# Cutting tool for plastic structures



## babu2 (Jun 8, 2015)

Can someone please give me advice on cutting tools for plastic? I have some cast parts I need to cut that are about 1/4 inch thick plastic and the cutting area is about 1 inch by 1 inch.
I am also looking for some good advice on how to burrow out some windows. I have cast a number of building flats but in some cases when the plastic was poured it covered some of the windows and now I need to cut or burrow out the plastic where the window are. The windows are small and I do not wish to ruin them by cutting too close to them. I have been using a dremel drill but the result have been less than satisfactory.


----------



## wvgca (Jan 21, 2013)

i use a band saw for some, and an ordinary dril for others,but at slow speed so that it cuts, but doesnt melt...a nibbler also works for material under 1/8" thick


----------



## babu2 (Jun 8, 2015)

What is a nibbler? Where can I find one?


----------



## wvgca (Jan 21, 2013)

nibblers cut a slit or notch in thin metal or plastic, industrial ones are electric or air powered, hobby ones are hand tools ... some cut slits, some cut round half circles out, most common is the 3/16 square size, cuts up to 3/16 by 1/16 each squeeze, needs side access or 3/16 hole to start ..
here is a link to a standard square hand tool on ebay
http://www.ebay.ca/itm/Hand-Nibbler...382?pt=LH_DefaultDomain_0&hash=item2eb9c33bb6

finish with a razor knife or file to final size...


----------



## CTValleyRR (Jul 26, 2014)

I have found the best choice for specialized hobby tools to be Micromark (www.micromark.com). They sell nibblers, razor saws, miter boxes, and much much more. Some folks complain about their prices, but I've always found their quality and customer service to be worth it. Even if you don't buy from them, a trip through their catalog is an eye-opening experience.


----------



## DonR (Oct 18, 2012)

Unfortunately the Dremel slowest speed is far to fast to cut
plastic.

Am I reading that you are saying you have windows in a plastic sheet but they
are too small and you need to enlarge them? If that is the case, the safest is
to use a file unless the undesired thickness is too great. Else, a sharp hobby
knife against a straight edge would be helpful. Likely, you will need to
do several passes of the knife blade. In any case, be sure to mark
the exact lines of the windows.

Don


----------



## Cycleops (Dec 6, 2014)

DonR said:


> Unfortunately the Dremel slowest speed is far to fast to cut
> plastic.Don


You maybe able to get one which has rheostat which can infinitely control the speed. I have one which I bought for just a few pounds.


----------



## T-Man (May 16, 2008)

Maybe a scroll saw is what you need. Motorized of course. I have Xacto saws and blades, but I do prefer the dremel cutting wheel.


----------



## CTValleyRR (Jul 26, 2014)

A cutoff wheel in a motor tool is a great choice for a lot of cutting jobs, but generally not where a very straight cut is required, and especially not window and door openings where you need not only a straight cut, but a precise stopping point as well.

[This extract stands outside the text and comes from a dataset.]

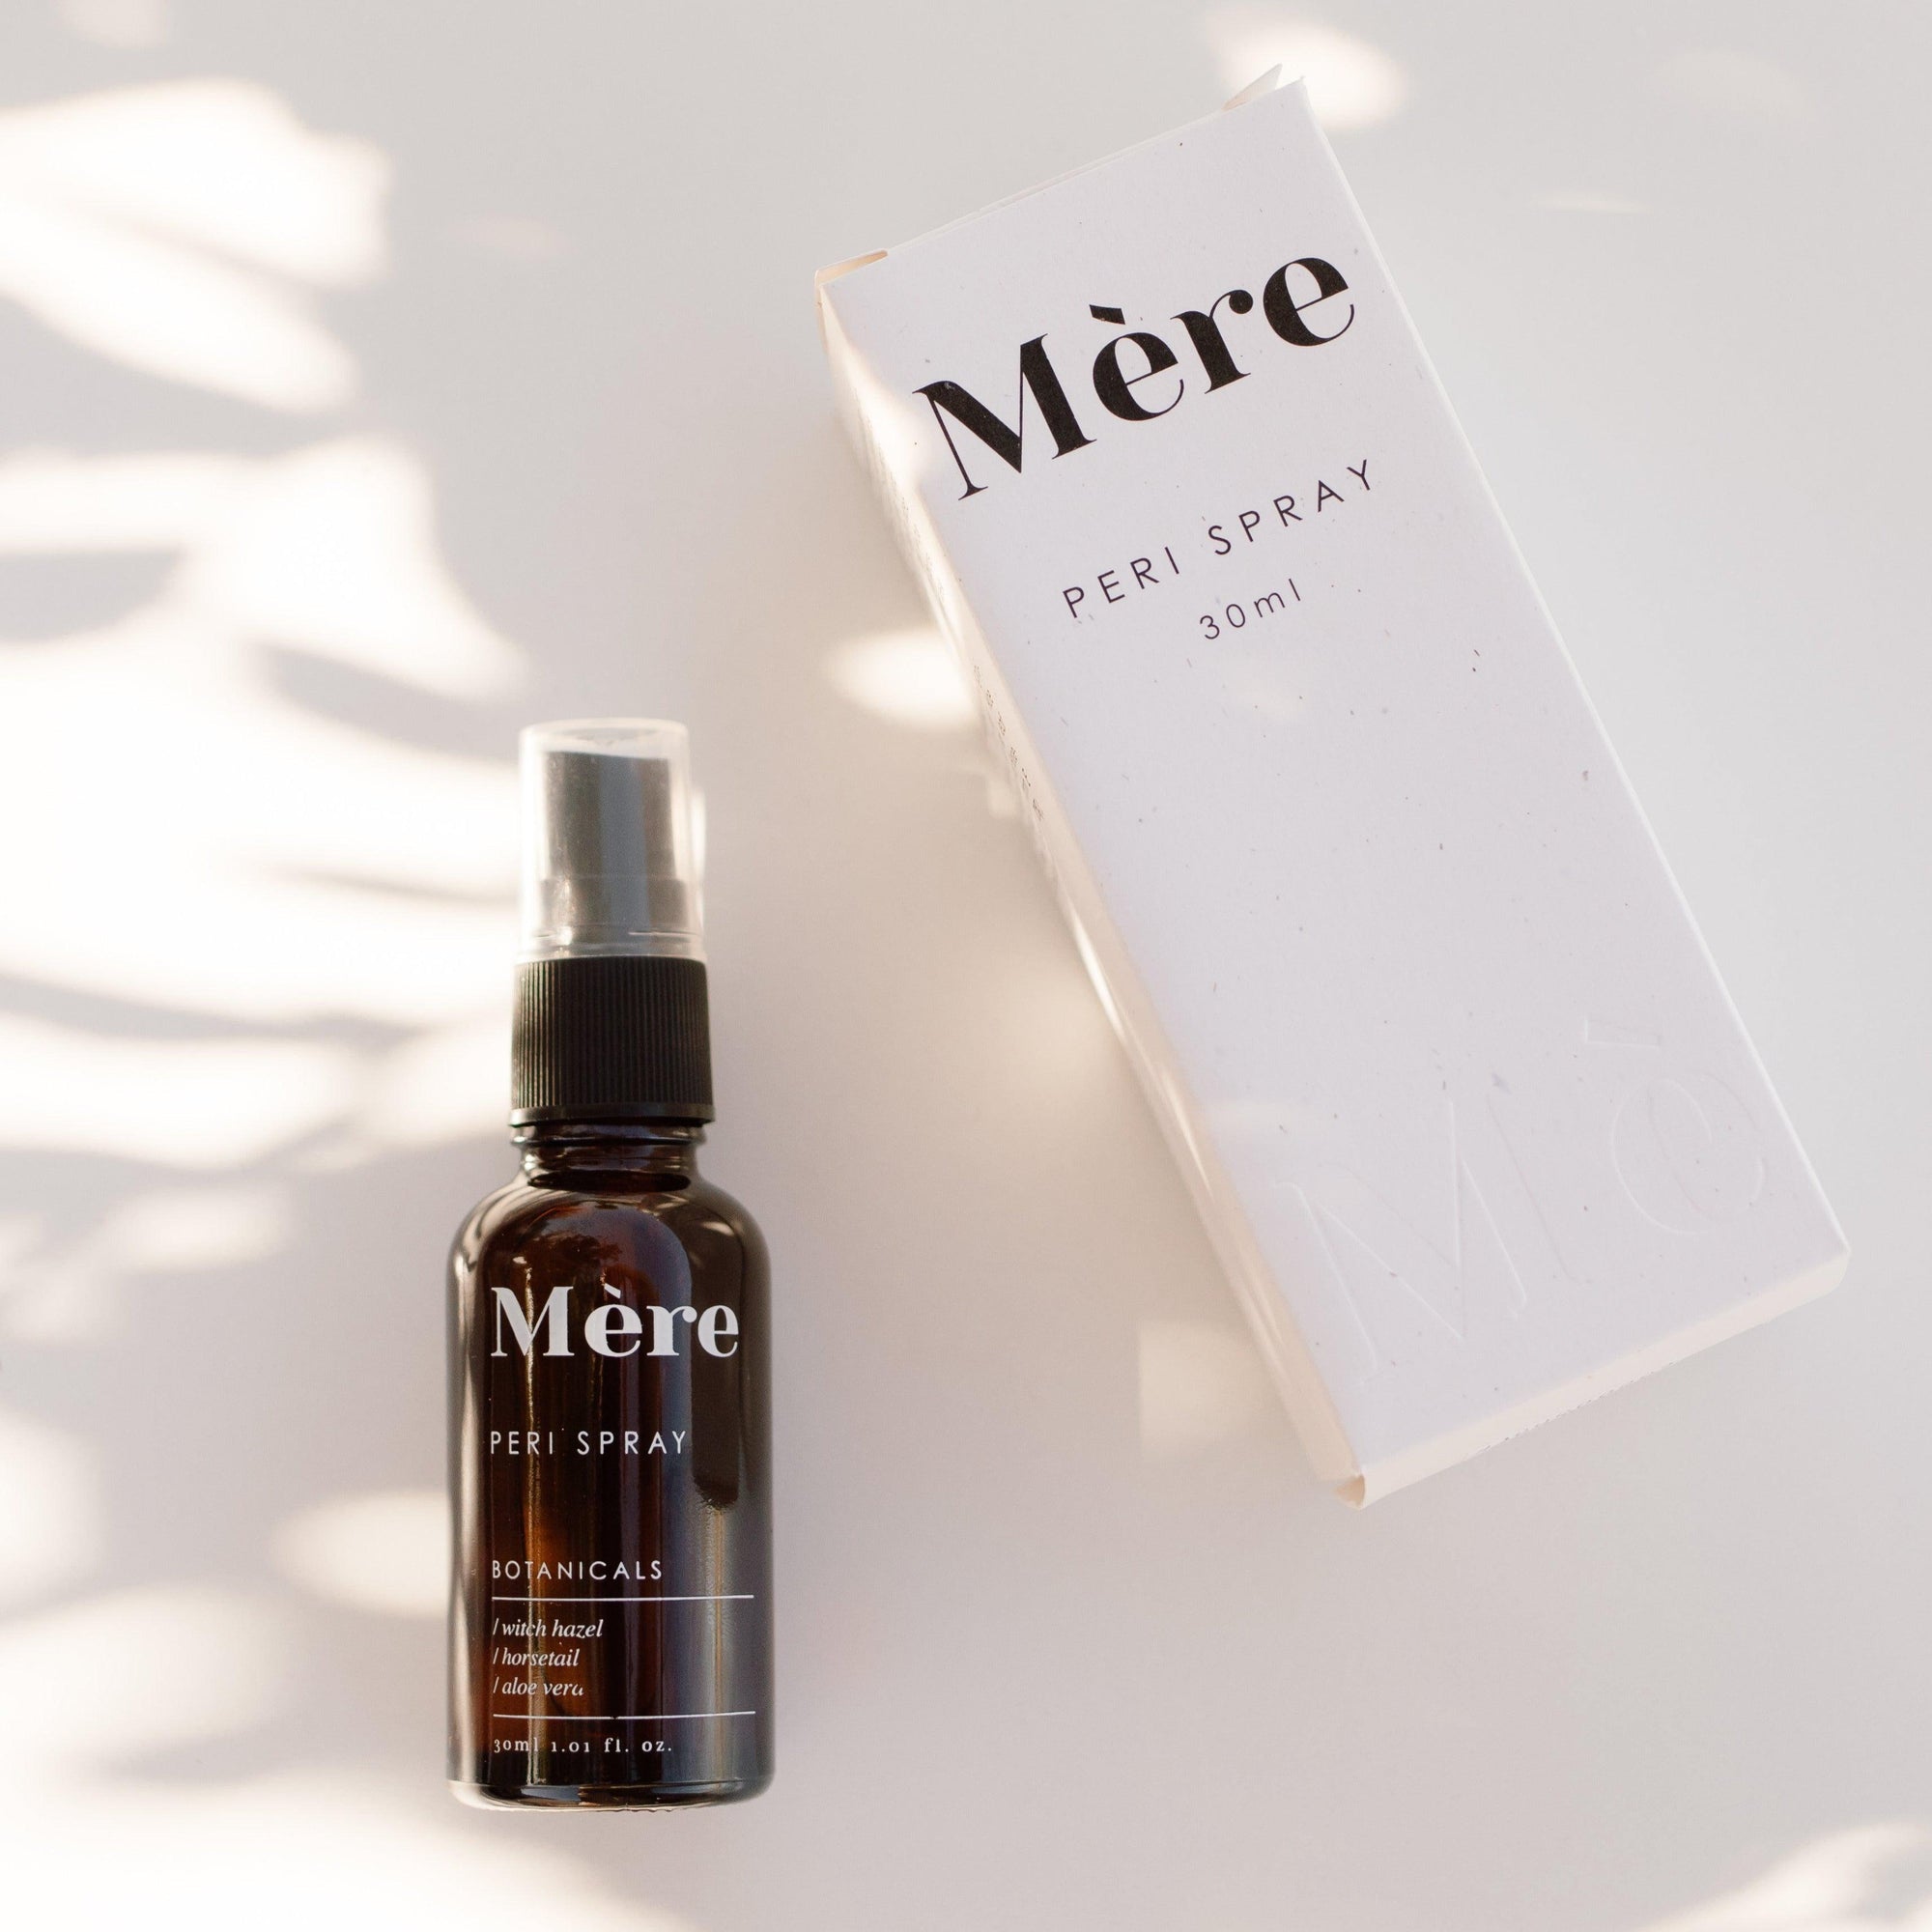 An image of Mere Healing Peri Spray next to the box.

In woodworking, we say, "The right tool for the job." That's true here as well.


----------



## DonR (Oct 18, 2012)

Cycleops said:


> You maybe able to get one which has rheostat which can infinitely control the speed. I have one which I bought for just a few pounds.


It would be my guess that to safely cut plastic with
the Dremel cutting wheel the RPM would need to
be less than 1 or 2 hundred. Maybe at that speed it
would cut evenly without melting the plastic.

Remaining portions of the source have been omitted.